I do feel it is worth reading, but would have liked to have an updated edition that had additional information on some of the discoveries.
He wrote in the Preface to this 1978 book, "The primary objective of this handbook is to provide libraries and individuals with a wide selection of reliable descriptions of unusual artifacts of ancient man. To meet this goal, I have analyzed hundreds of volumes of archaeological journals as well as the complete files of 'Nature' and 'Science.' The result of this research is an incomparable collection of information on the frontiers of archaeology. From this assemblage, I have selected the most interesting and controversial for this book." He also admits that "I have introduced a handful of articles from fringe periodicals and books that are doubtless considered offbeat and 'wild' by most professional archaeologists." Some of the publications included are from as far back as the 19th century.

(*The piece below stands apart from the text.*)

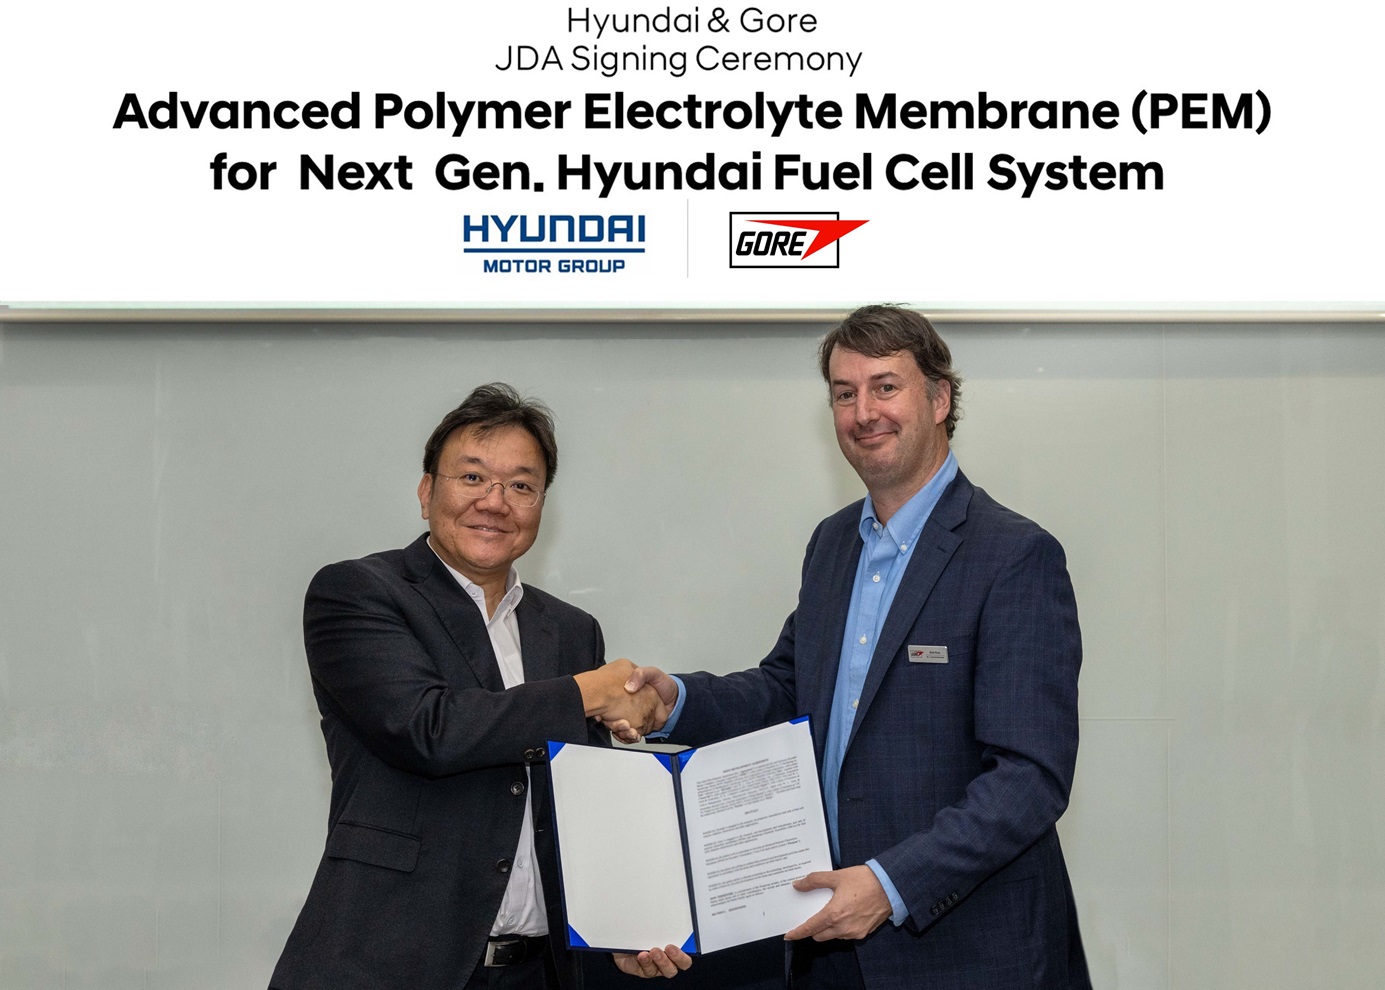 Hyundai e Kia, accordo con Gore per membrane polimeriche elettrolitiche per sistemi di celle a combustibile a idrogeno

He includes such items as Lat'te ("Houses of the Old People") stone monuments, which seem out of place among the "thatched huts of naked Indians" (pg. 11); or a medicine wheel marking the summer solstice sunrise found on a "cold and windy" trail (pg. 125); an article notes excitedly that some of the famous Nazca lines in Peru were constructed "to mark the winter solstice" (pg. 495), and many more.
All of Corliss's "Sourcebooks" are stimulating and thought-provoking---the more so, since most of them are taken directly from "respectable" mainstream scientific journals.